First of all, I want to say great job on the exercises you make along with your lessons. I’m really a hands-on type of learner, so the exercises give me a place to apply any new knowledge the lesson taught me. After doing a few of the exercises, I feel like there’s some small changes that can be made in order for your students to get more out of them. I’m going to leave some here and hope this can spark some ideas from other users to help you make them even more awesome.

1.) I think the best part is Dictation. They are usually new sentences NOT from the dialogue that use new vocabulary and/or grammar learned from the lesson. However, it would be nice if those same sentences (that we literally transcribed just moments before) were NOT recycled in the Multiple Choice section.

2.) I feel like the Multiple Choice section sometimes has the same answers over and over. I understand if it’s a scenario where you have 2 grammar structures or something, and you are doing an “A vs B” style of teaching. If that’s the case, maybe that section can be titled as such (i.e. 才 vs 就,短 vs 低 vs 矮, or something) and only have those specific options as answers so we can pay attention to the fact that you’re teaching us their differences via these multiple choice questions. If there aren’t any contrasting words/grammar points in the lesson, I think multiple choice would be better off as just “random” things.

3.) Sentence Re-ordering… ok… here we go. This one I’m actually not fond of at all. I sometimes just skip it, and it makes me sad to look at my really bad score at the end. To me, the problem isn’t the activity itself, but the number of sentences or length of the chain we have to connect. I think this could be improved by breaking the dialogue down into groups of maybe 3 or 4 sentences. After all, I feel like the point of this exercise is to recognize the cohesion of grammar, vocabulary, emphasis, or simply the language as a whole. Like the Multiple Choice suggestion, I think breaking it down to smaller groups of sentences will help communicate to the learner “these go in this order, this is why, and why it’s important you notice “X” grammar point, “X” vocabulary used, etc”.

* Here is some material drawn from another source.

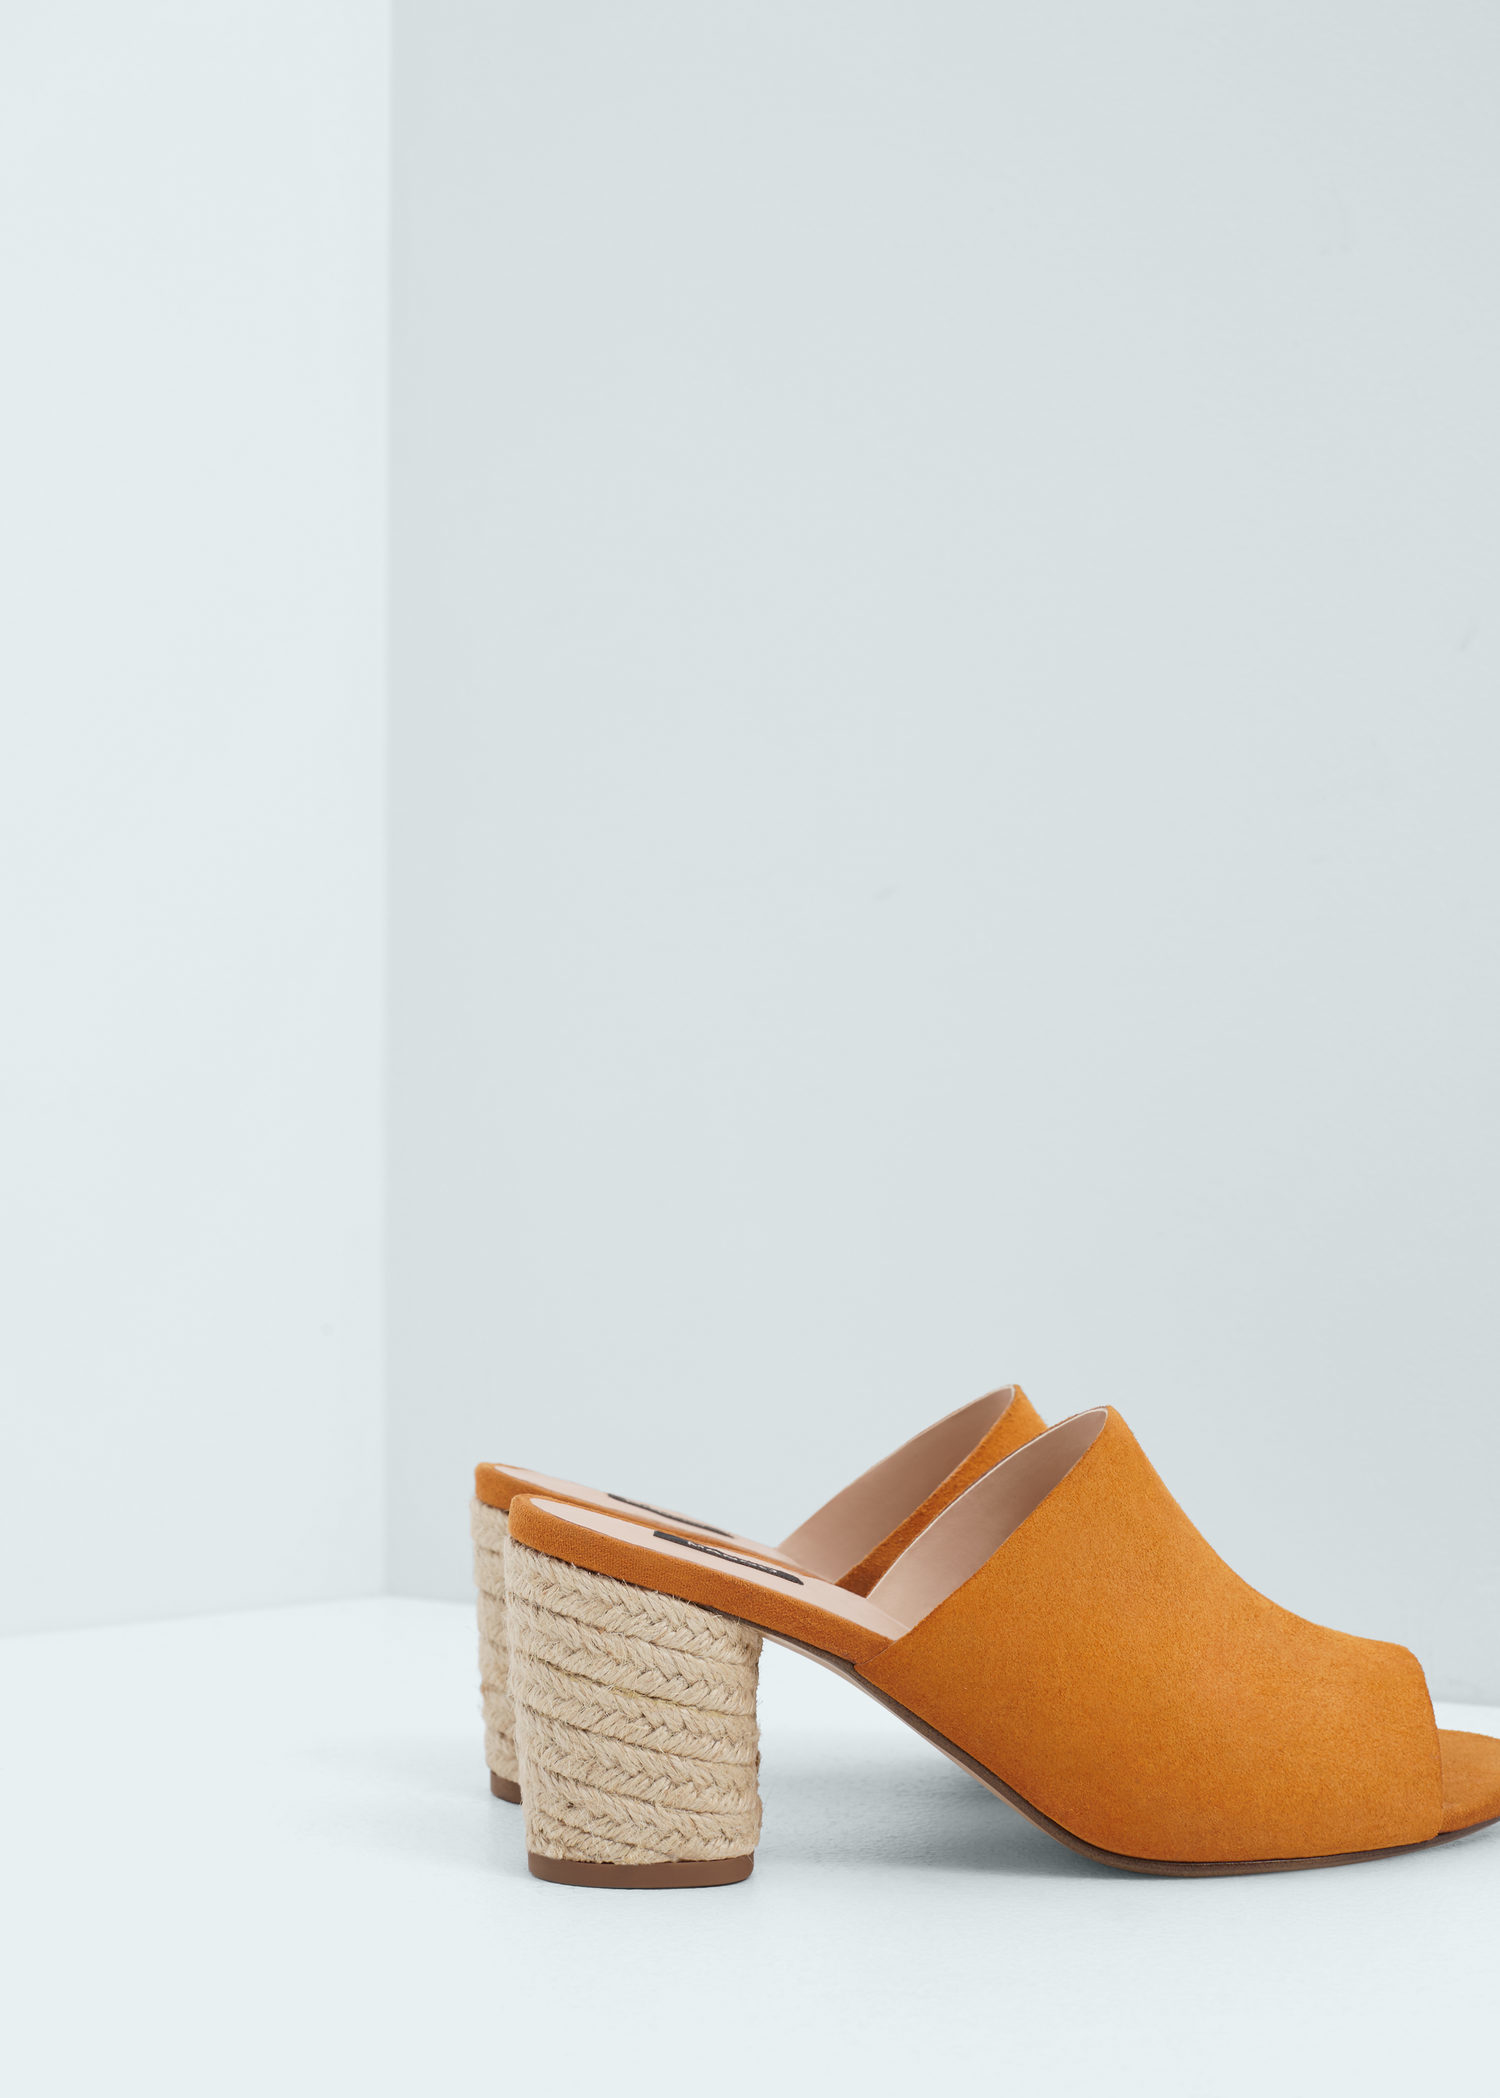 ab924e75fdf Lyst - Mango Esparto Leather Sandals in Yellow

4.) Alternate Sentence Re-ording Activity- So instead of Re-ordering multiple sentences to make a paragraph, what about re-ordering words/phrases to make a sentence? This isn’t a terribly radical/new idea of an exercise, as I’ve seen it in plenty of other books and lesson materials for multiple languages. I find this kind of exercise very helpful to identify subjects, predicates, modifiers, etc., which is sometimes challenging in Chinese as the sentences get longer and longer. I personally would prefer this option in modifying the Sentence Re-ordering section over my previous suggestion above(#3).

@HelloChinesePod (I hope that’s the correct mention for ChinesePod as a whole) I think your lesson structure is great, and the teachers are top notch. I’m coming up at the end of my first month and think I’ll re-subscribe. Keep up the great work and I look forward to what you put out next.

Hi @FangXu it’s great to hear from you and review your suggestions for the lesson exercises. I am pretty guilty of not utilizing the lesson exercises myself but I have gone over a few and it seems like it could be a good review. I’m in the process modifying my study routine to try and add the exercises, sadly I’m not a full-time student so my study time each day is pretty limited andI have to try and find the most efficient and effective methods.

One thing that I recently started was listening to the vocab review and found that the new sentences used were a nice change since they were not from the original dialogue. It’s great that it gives you time to try to think of how the example should be said in Mandarin before they provide the correct response.

I think point 4 in FangXu’s points above is a great idea. individual sentence order is one of my biggest challenges and it would be great to get some practice where the examples are pitched specifically for the degree of lesson difficulty ie elementary examples for elementary lessons etc.